# do American I phones work in Australia long term if unlocked?



## buffingp

If I get my American Iphone unlocked before moving to AU, will it work?


----------



## TravellersAutobarn

Yes it would, and all you would then need to do is purchase a local sim card and load it up with credit.


----------



## aussiesteve

It depends on the model of the iPhone and the carrier you got the phone from. Australia uses GSM Carriers such as Verizon use CDMA.if you have a " World Phone" then it should work, but be aware that not all features such as 4g may not be available as the frequencies used vary from carrier to carrier.


----------



## buffingp

aussiesteve said:


> It depends on the model of the iPhone and the carrier you got the phone from. Australia uses GSM Carriers such as Verizon use CDMA.if you have a " World Phone" then it should work, but be aware that not all features such as 4g may not be available as the frequencies used vary from carrier to carrier.

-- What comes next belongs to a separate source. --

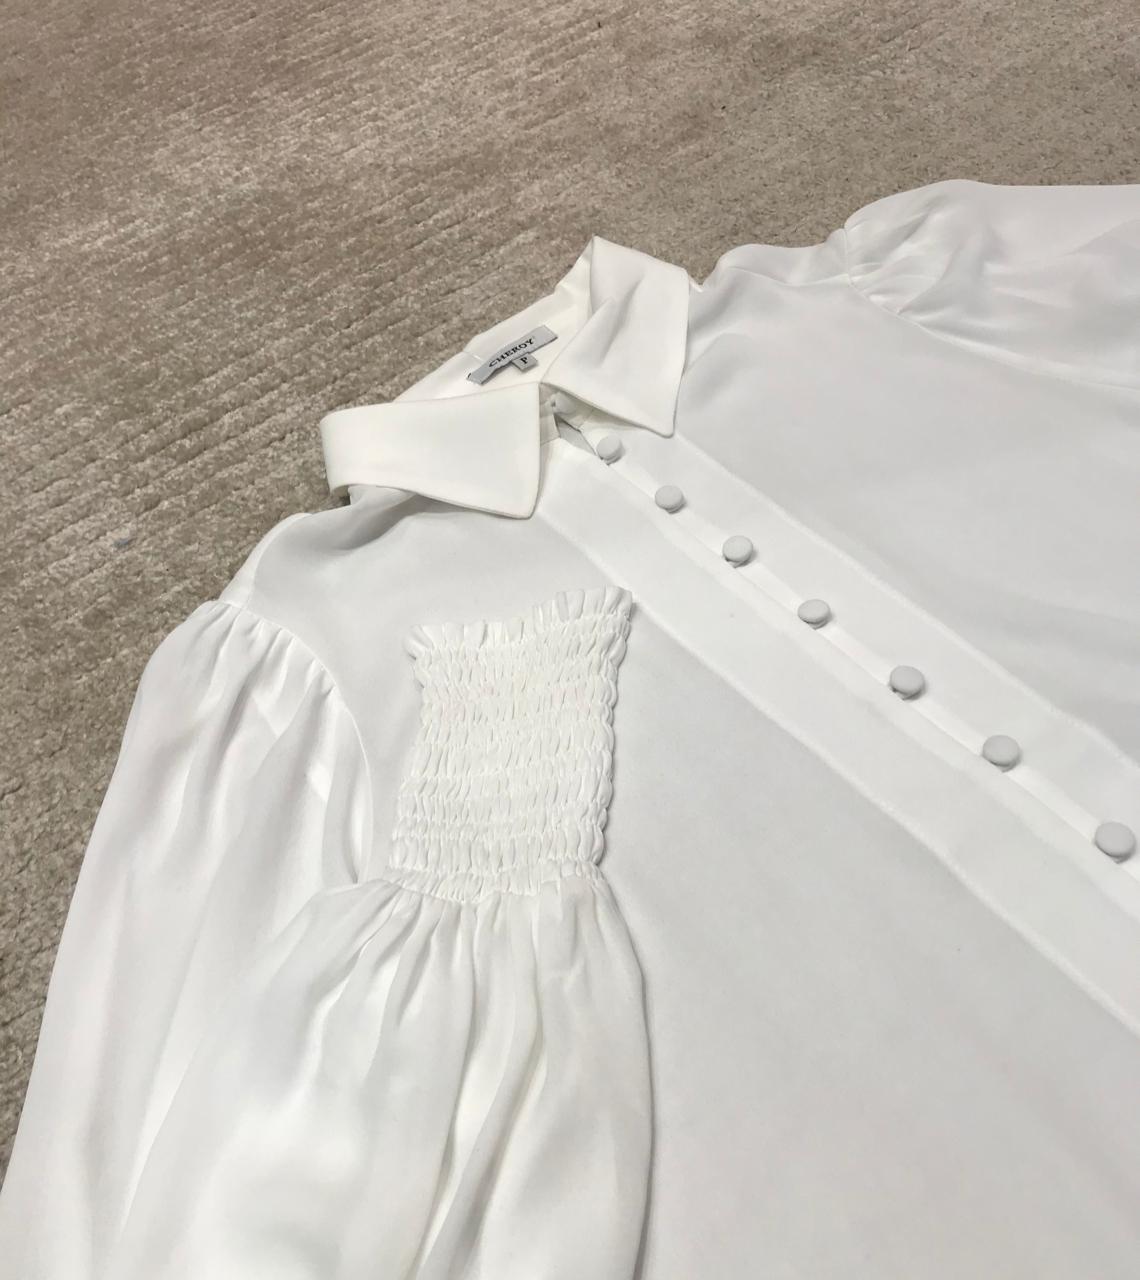 Camisa Chiffon Punho Lastex
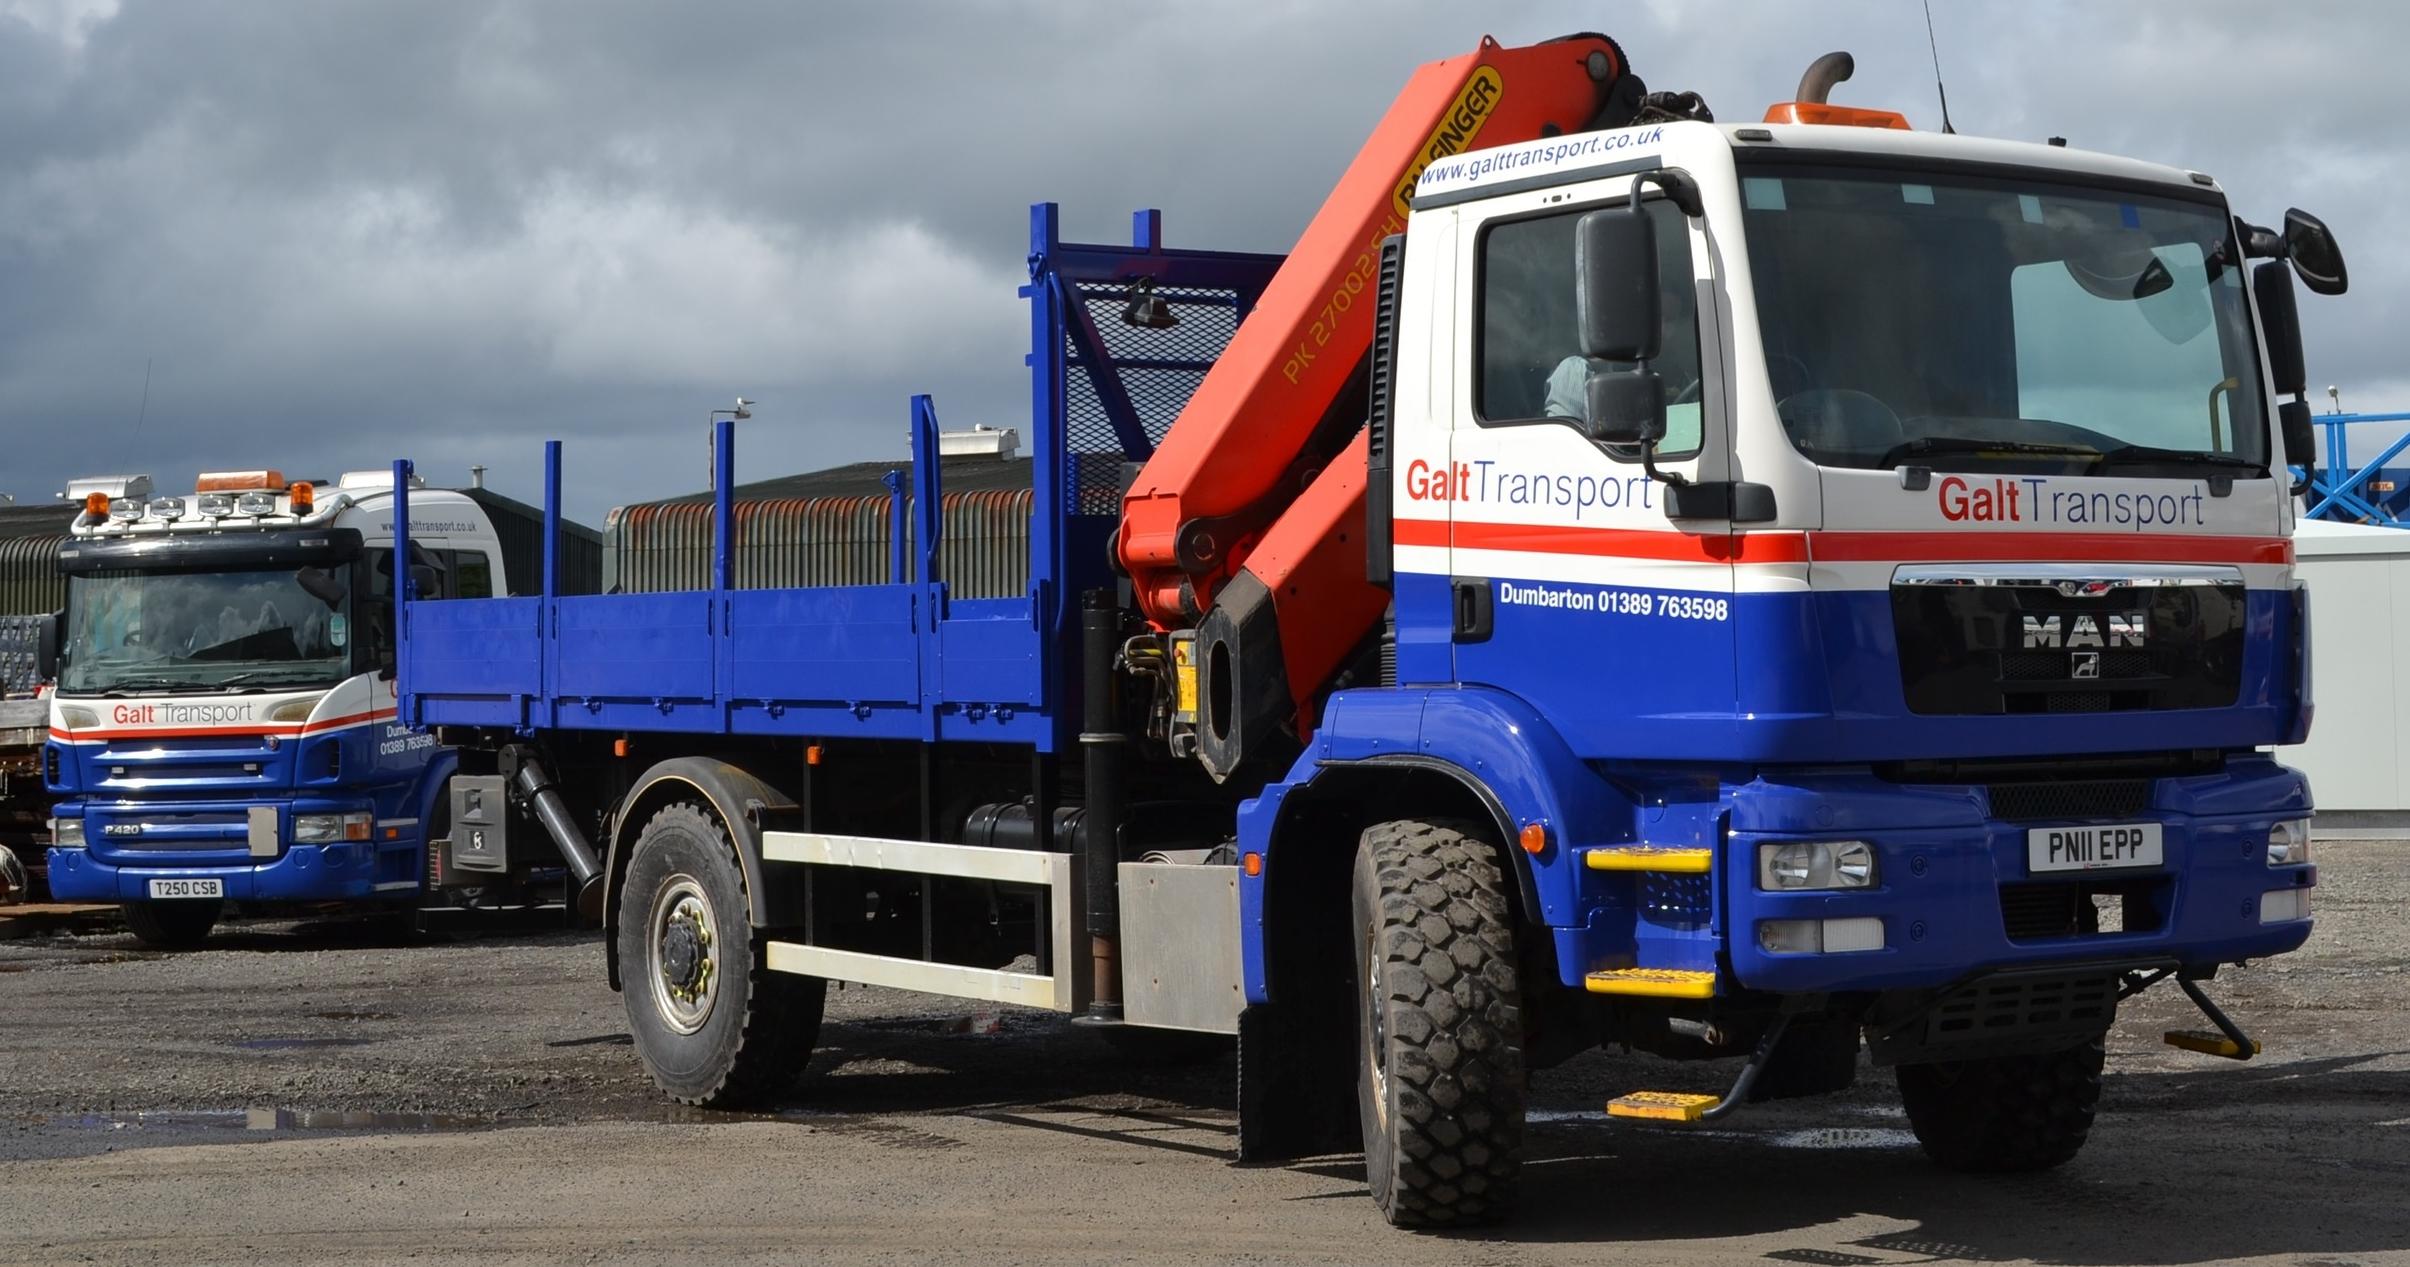 Galt Transport's new off-road vehicle

Thanks for the information. I have a 4S I phone from AT & T. I'm starting to gather that it probably won't work? I don't even know how to get it unlocked. Just not feeling the urge pay that much for a new one over there.


----------



## TravellersAutobarn

Why not get a cheap $40 phone to use for your travels?


----------



## buffingp

I'm moving back over there on a residency visa!


----------



## Ozz777

Yes, your phone will most likely work. AT&T uses gsm phones and IPhones are ubiquitous down here. Even the Verizon iPhones have dual cdma and gsm, and so did my blackberry when I moved here, and it worked fine with a telstra sim. I now have a telstra Samsung Galaxy S3 which I'm taking with back home me for a few months and using with AT&T prepaid sim. As long as it's unlocked, you should be fine. As far as having it unlocked, the best way is at one of the kiosks in the mall. You can search Google for "iPhone unlock service", and probably find one close by easily. It costs around 50-100 bucks from what I've heard. Or just buy a cheapy prepaid phone once you get here, like the other guy said.


----------